Smooth muscle cells are ring-shaped cells that wrap around the vessel, while pericytes have a distinct cell body and processes that extend along and around the blood vessel. In addition to responding to signals from endothelial cells, these smooth muscle cells and pericytes can also constrict and dilate in response to signals from neurons and astrocytes, changing blood flow to match alterations in neuronal activity. Pericytes are also important for stabilising newly formed-blood vessels and work together with endothelial cells to control the BBB.

The brain is full!

All these cells with their complex structures are often shown in cartoons with lots of space between them. In reality, however, the different cells’ processes are closely intertwined and crammed together, taking up almost all the available space.

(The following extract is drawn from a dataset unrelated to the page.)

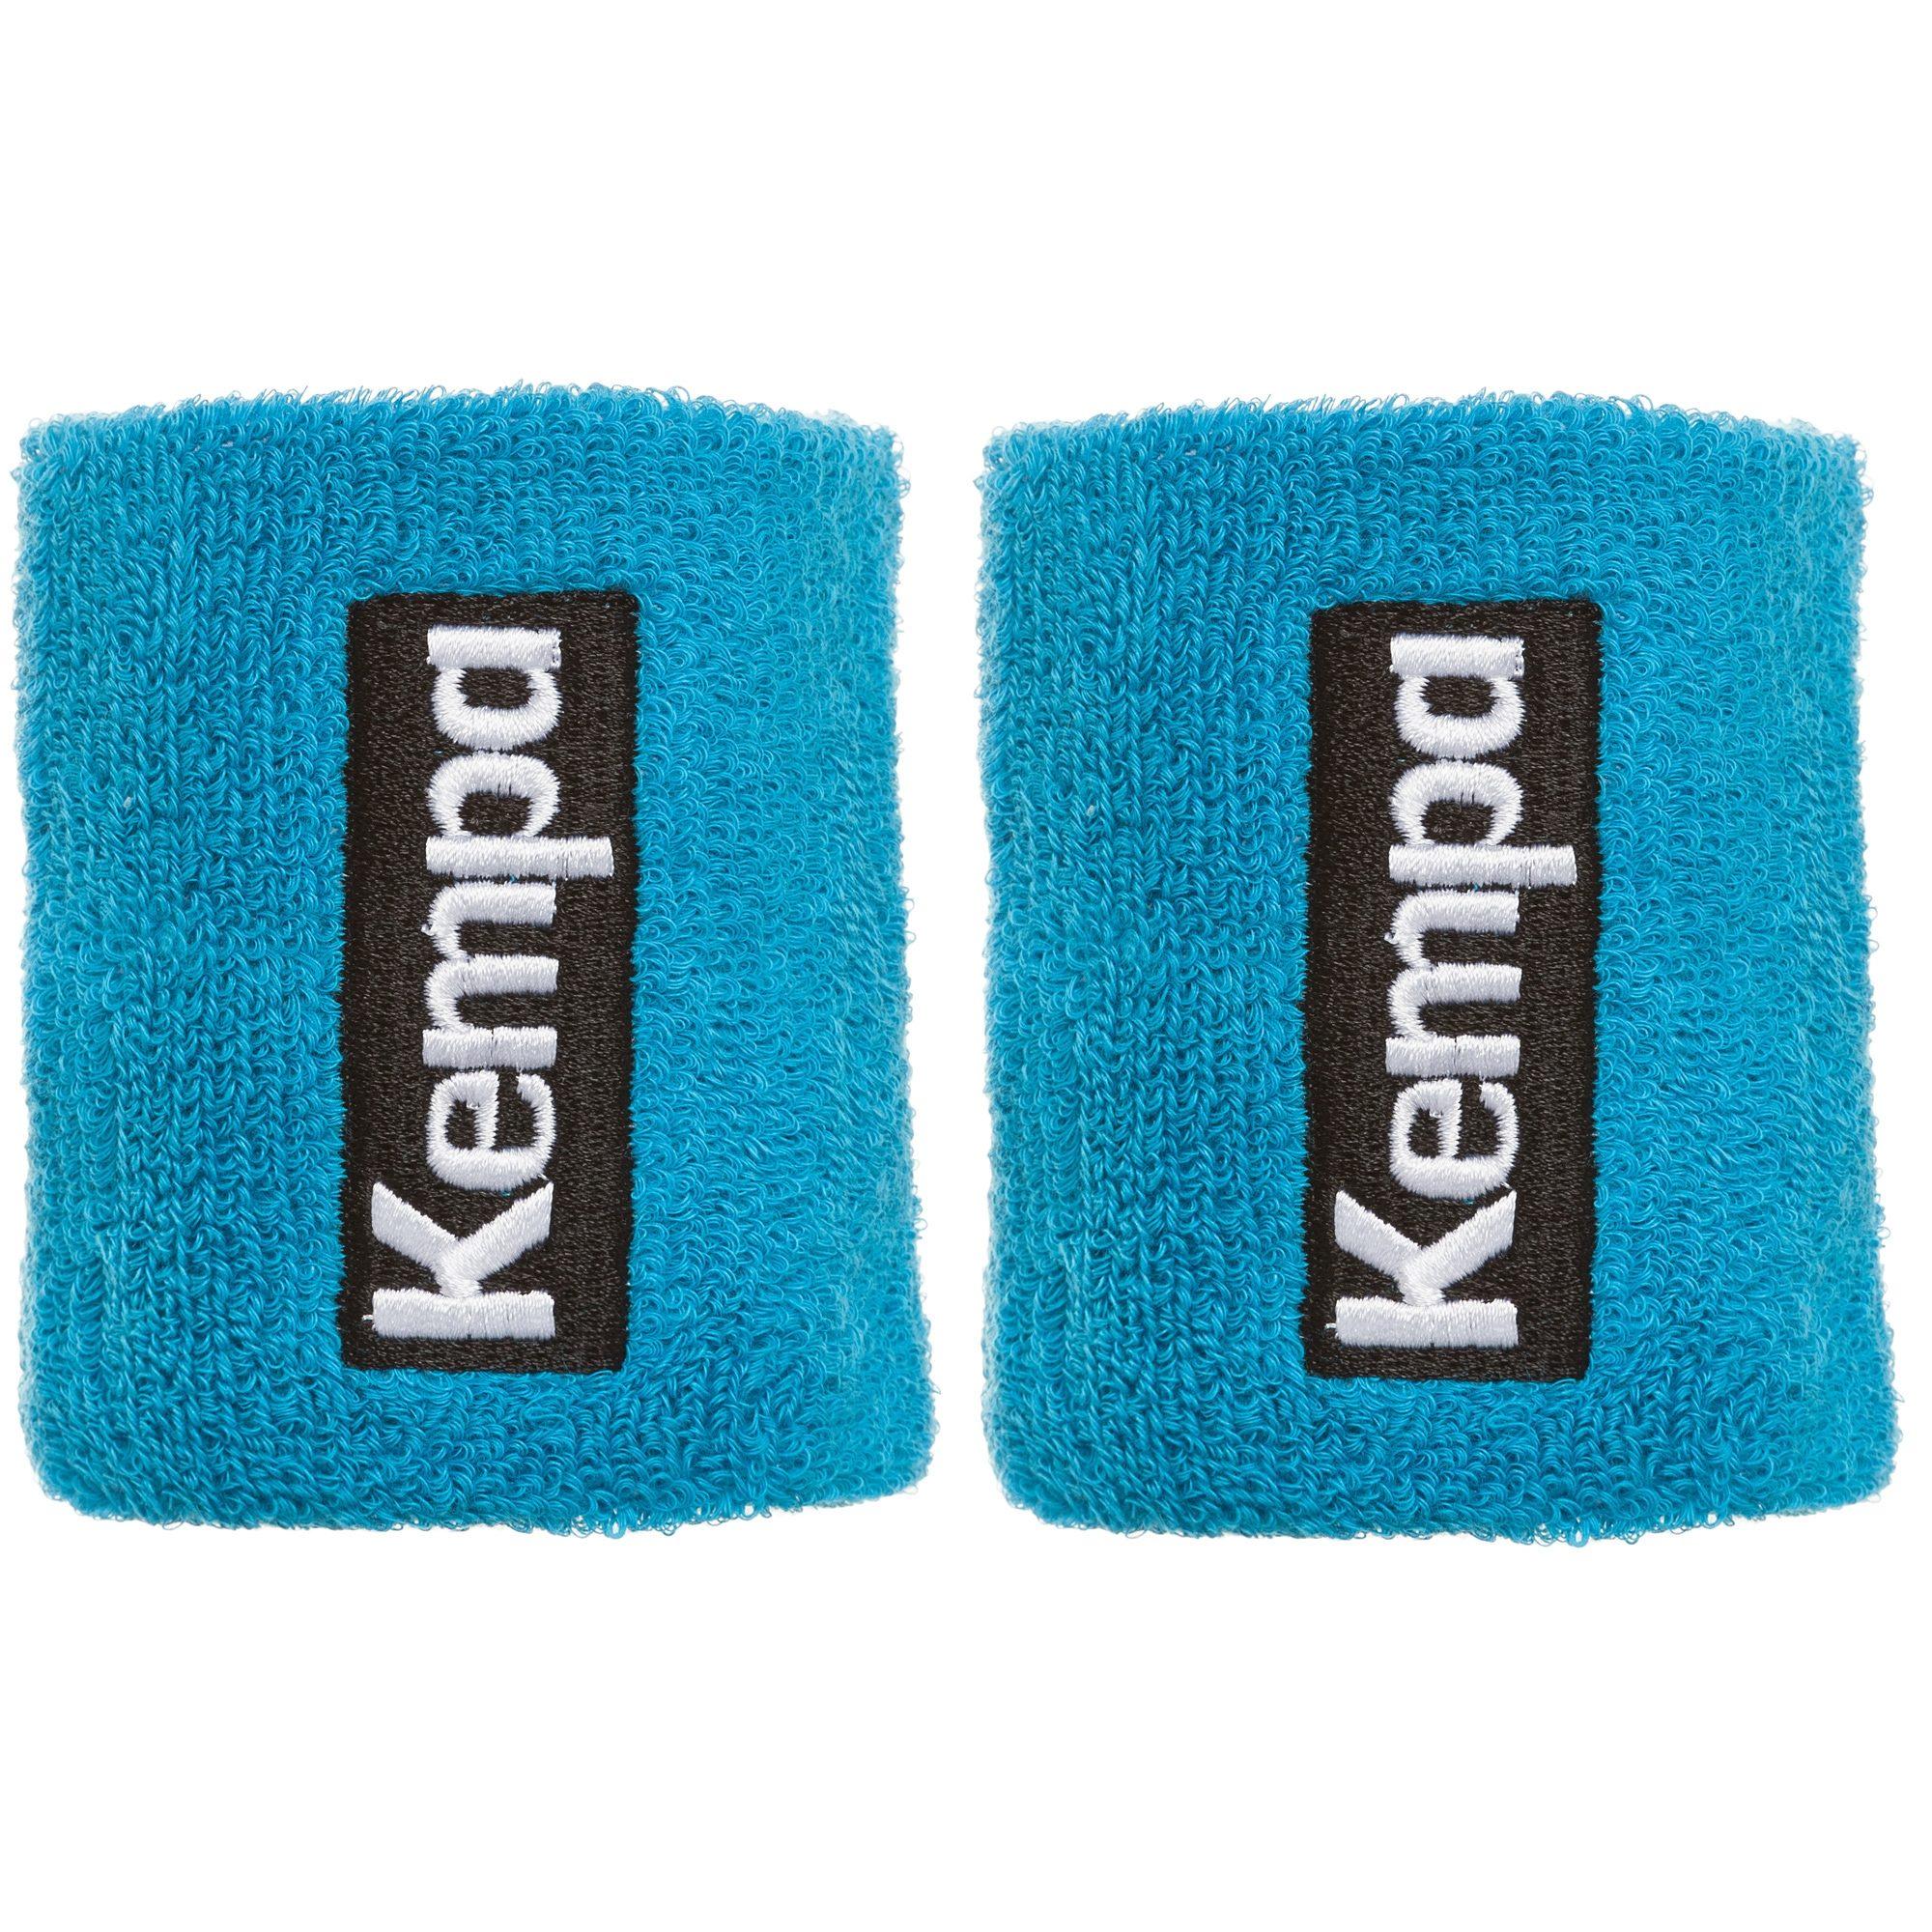 KEMPA Schweißband kurz 6er Pack

We can see this experimentally by looking at 3D reconstructions from electron micrographs – images of sequential slivers of a very small bit of tissue taken with an electron microscope.

In these image sequences, structures can be labelled and traced in each image, and then assembled to get a reconstruction of the different cells in a small volume of tissue. From such images we can see in superb detail how different structures connect, e.g. which dendrites an axon contacts. However, tracking and reconstructing every process in even a small volume is very computationally expensive, and it’s not yet possible to do this for even a whole cortical column, never mind a whole brain or brain region.